Famiglia, responsabilità e una violenza che ci riguarda tutti
Uno degli aspetti più potenti della serie è la sua capacità di raccontare la violenza da più punti di vista. Salvador è un prodotto narrativo onesto, feroce e privo di moralismi. Non condanna a priori, ma espone i fatti, lasciando allo spettatore la responsabilità del giudizio. Questo approccio multiprospettico rende il racconto tridimensionale e profondamente disturbante, perché costringe a riconoscere quanto certi meccanismi siano radicati nella società e non confinati ai margini.
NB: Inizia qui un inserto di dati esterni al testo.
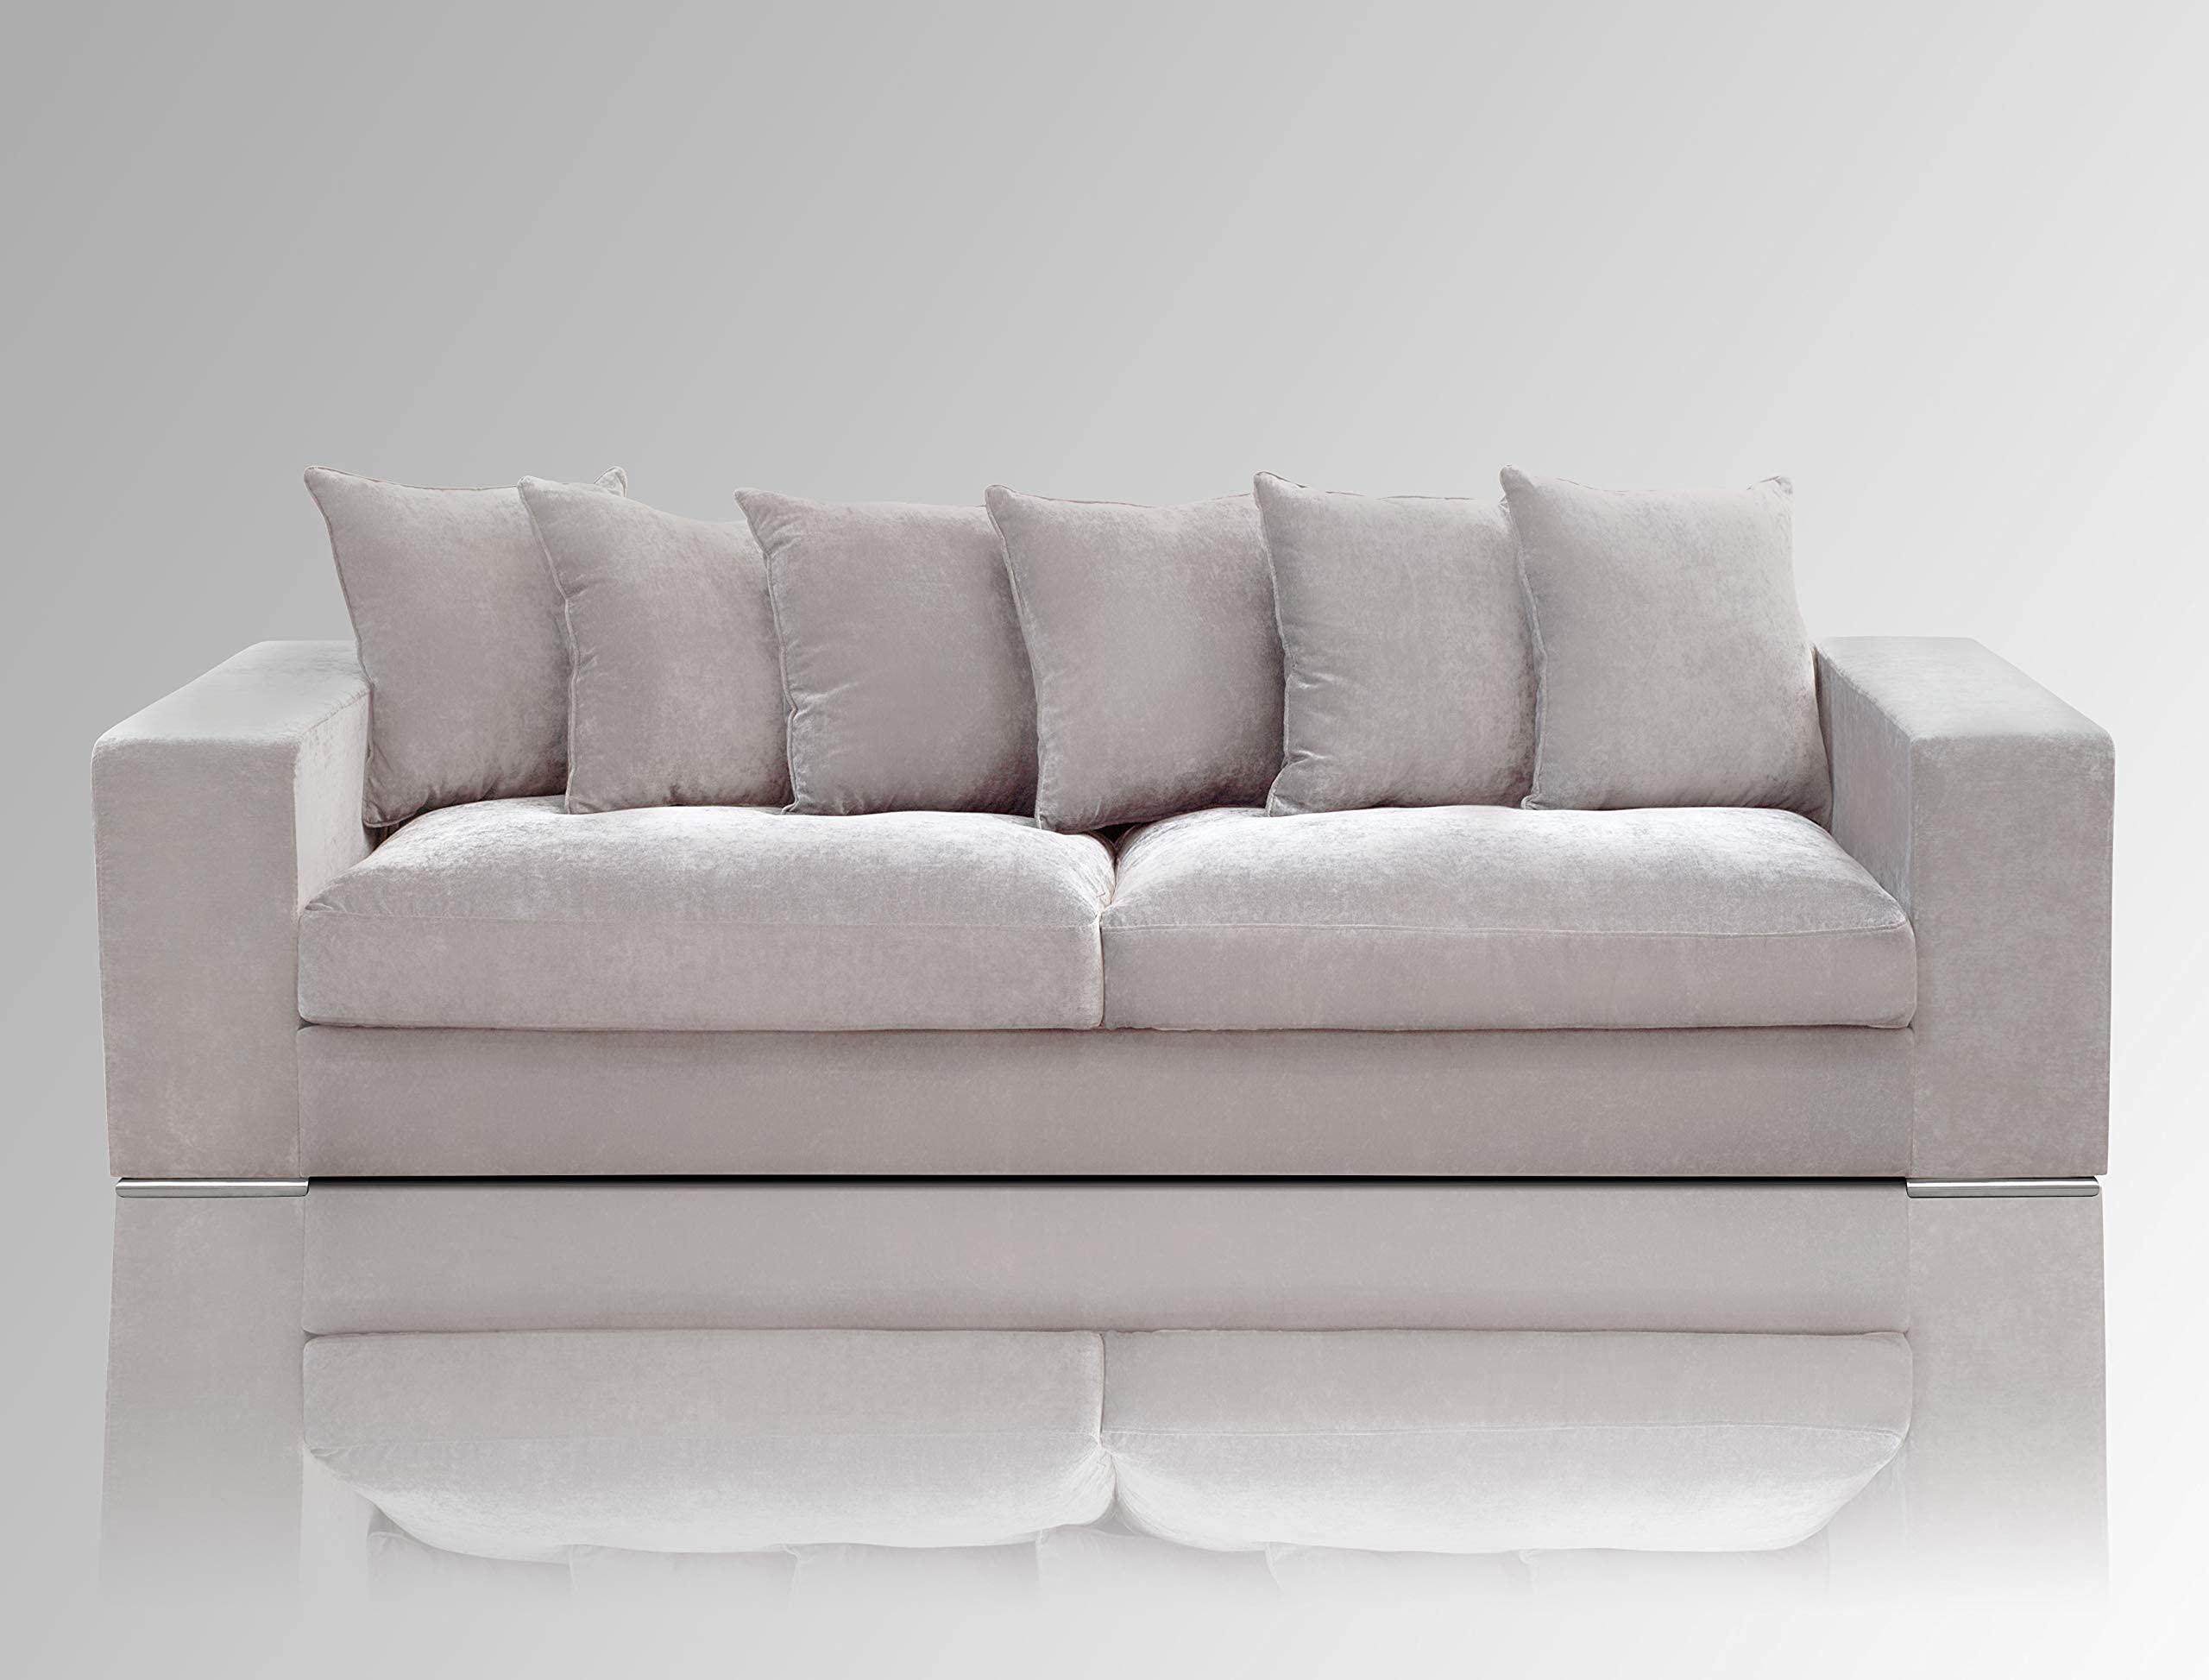 Amaris Elements | Big Sofa 'Monroe' Samtbezug 4 Sitzer Wohnzimmer XL Couch grau 2.65m in 5 Farben + 4 Größen
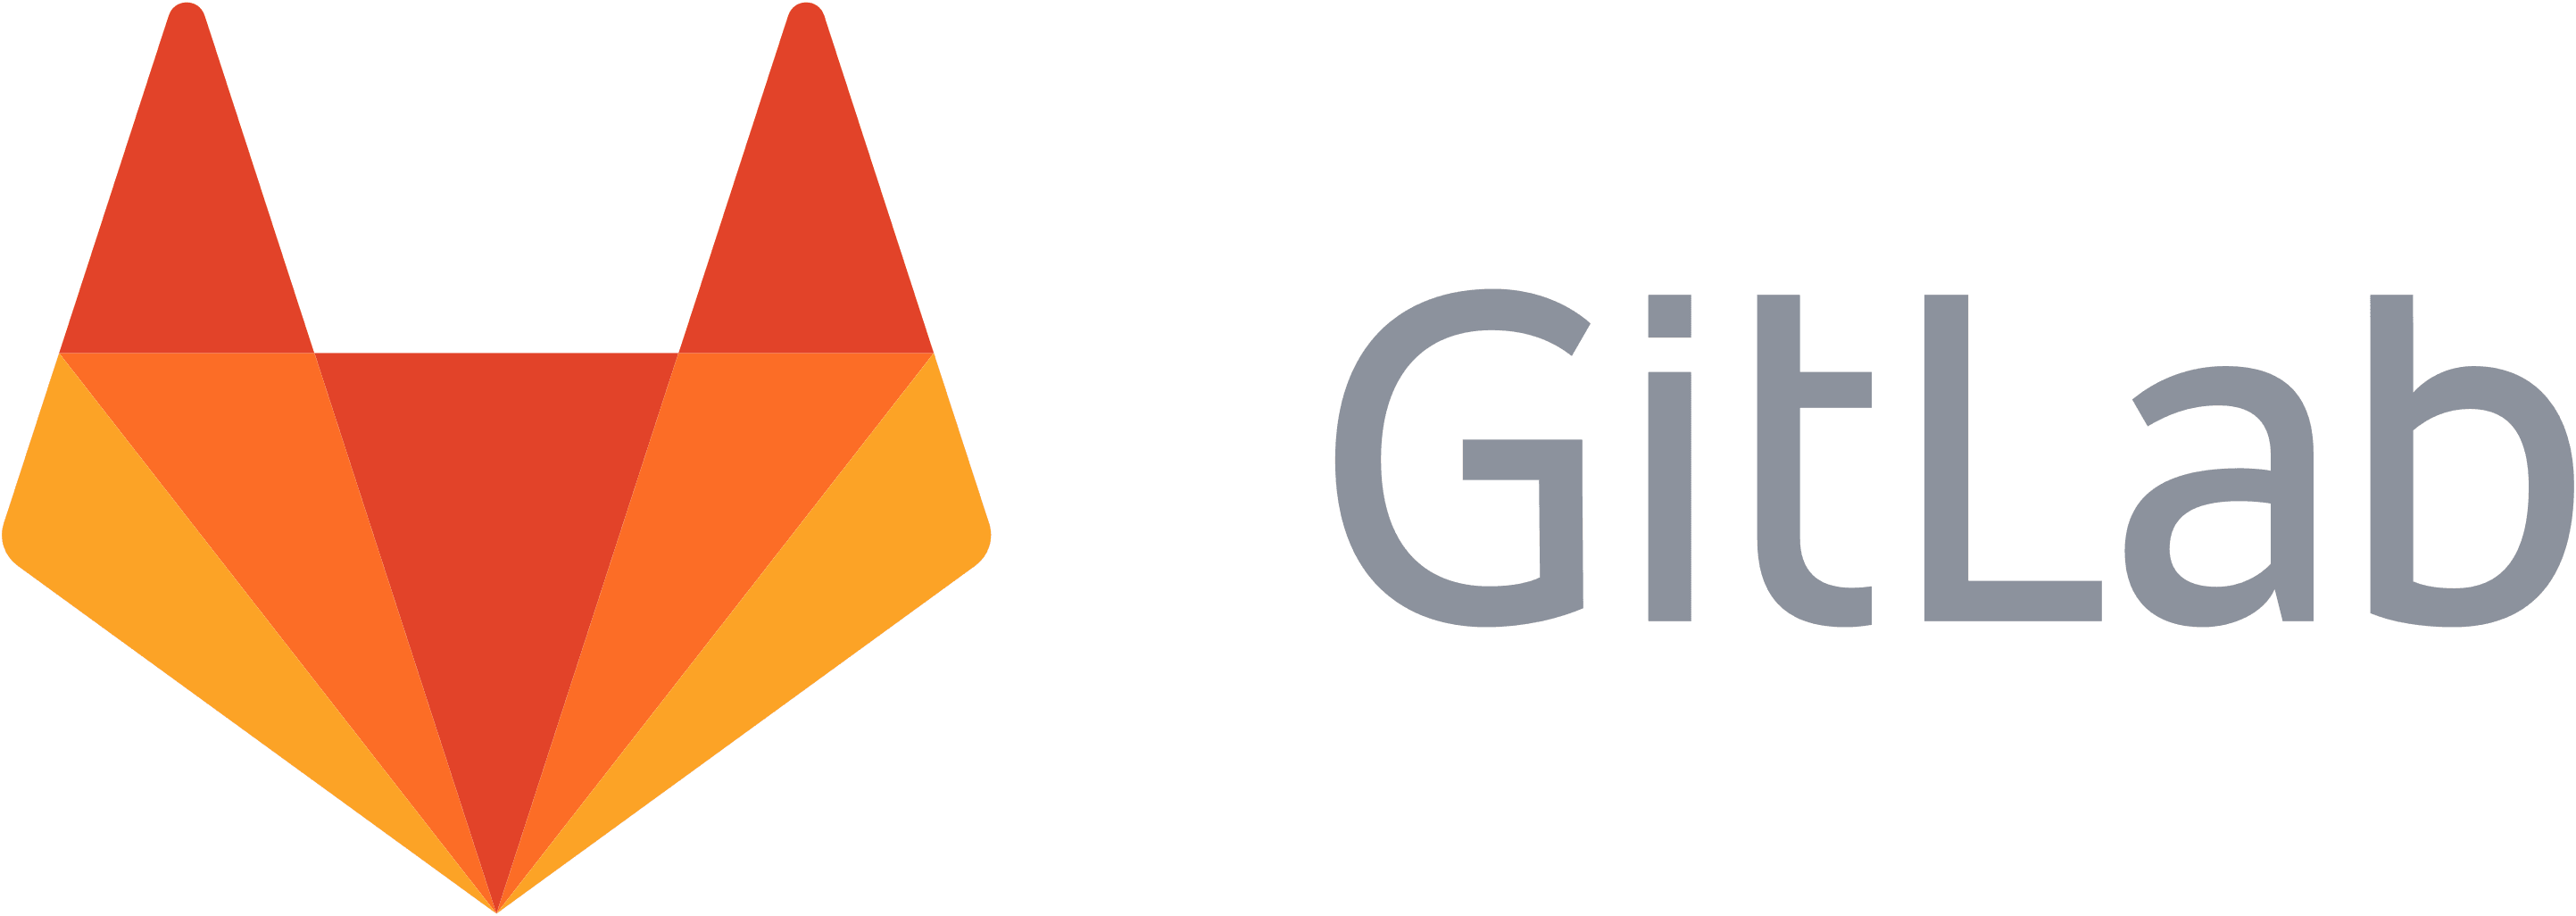 Gitlab Logo Png (2886x1026), Png Download

Accanto al tema dell’estremismo, la serie affronta con grande lucidità anche la genitorialità. Salvador racconta genitori imperfetti, fragili, contraddittori, lontani dall’idea rassicurante di adulti sempre consapevoli e capaci. Mostra quanto sia difficile essere padri e madri oggi, in un mondo che cambia rapidamente e che spesso lascia gli adulti disarmati di fronte alle trasformazioni dei figli. Allo stesso tempo, non idealizza i giovani, descrivendoli anche come egoisti, ingrati e incapaci di vedere i genitori come esseri umani fallibili.
Questo equilibrio rende la serie particolarmente efficace. La famiglia diventa il luogo in cui si concentrano tutte le tensioni del presente: amore e incomprensione, protezione e distanza, responsabilità e colpa. Salvador non offre soluzioni, ma fornisce allo spettatore strumenti per comprendere, riconoscere e affrontare dinamiche che possono emergere nella vita reale, senza edulcorarle.
Violenta, disturbante e a tratti difficile da sostenere, Salvador è una serie che sceglie consapevolmente di non piacere a tutti. Ma è proprio in questa scelta radicale che risiede la sua forza. Racconta un presente oscuro ma reale, dimostrando quanto sia facile scivolare nella violenza quando una mancanza incontra una scintilla. Ed è spesso questo tipo di storie, quelle che fanno inorridire e arrabbiare, a restare più a lungo nella memoria e a costringerci a guardare il mondo con occhi leggermente diversi.